Mill Creek bridge cleared

Wednesday, June 8, 2005

By Ken Ross

A planned bridge crossing Mill Creek on Old 21 Road has cleared a hurdle prior to bid letting on Oct. 18, Larry Clark, the Cherokee County engineer, informed the Cherokee County Board of Supervisors on Tuesday.

The state has given archeological clearance for work on the project. An archeological study is required before construction projects to ensure major artifact sites are damaged. There are federal funds involved in the project which carry some requirements.

The bridge, estimated at $650,000, may have some work done in 2005 with completion expected in 2006.

It will replace a pin connected high truss bridge built in 1891. The new bridge will be built about 100 feet from the old bridge with the old bridge remaining standing. The old bridge is designated as historic.

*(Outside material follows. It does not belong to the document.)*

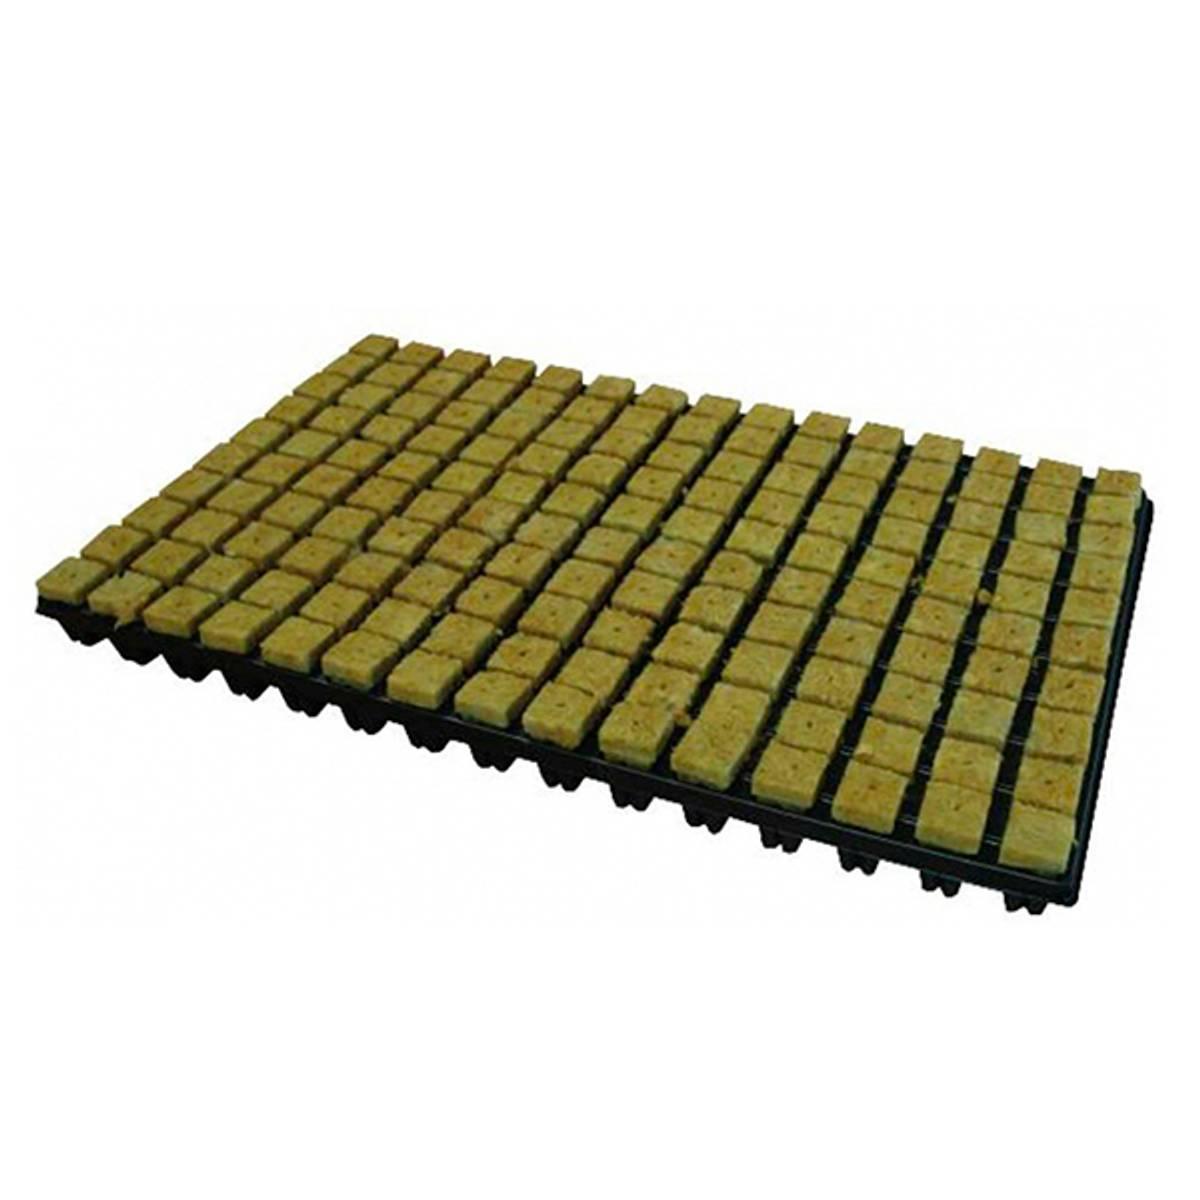 150 såkuber i rockwool med brett

The current bridge has a low tonnage restriction and is a "fracture critical" structure, which means that if a fracture develops, it could soon develop into a situation that causes the bridge to collapse.

The new bridge will be one that can handle the weight of the traffic on the road.

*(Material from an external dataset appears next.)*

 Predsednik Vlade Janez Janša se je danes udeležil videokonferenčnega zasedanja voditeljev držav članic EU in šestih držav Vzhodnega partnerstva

"It will be a vast improvement. People will wonder how they got along without the bridge," Clark said.

As far as the old bridge, Clark is not impressed with its historic designation, calling it a monstrosity and predicting it will simply deteriorate until it collapses.

Clark said he had heard a suggestion that the bridge be covered with wood, which he initially thought was a crazy idea but then began thinking that it might make sense for some organization other than the county to do.

Jeff Simonsen, supervisor, indicated that Clark had it right with his initial impression. He noted that the bridge is historic in its present condition and covering a metal truss bridge with wood would not make it like the historic bridges of Madison County.


The county approved hiring an office manager for the engineer's office on a vote of 4 to 1.

Clark selected Janet Cedar, currently employed by Lundell Construction, from 39 applicants for the position, to be paid a a starting wage of $11.70 an hour with a raise to $13 after six months.

There was concern expressed by supervisors that this is a higher starting salary than for comparable positions in the courthouse.

"Will this be the talk of the courthouse, Bonnie?" Terry Graybill, supervisor, asked Bonnie Ebel, county auditor.

"Oh, yes," Ebel responded.

Clark said that the office manager for his office needs to respond to crisis situations and that he was impressed with the calmness of demeanor displayed by the person he selected for the position.

"I think she'll work well," Clark said.

Bud Clow, supervisor, acknowledged that the engineer's office is a different environment than the courthouse but continued to have misgivings about the wage difference. He was the only supervisor to vote against the proposed hiring. Clow said he had nothing against the person selected for the job.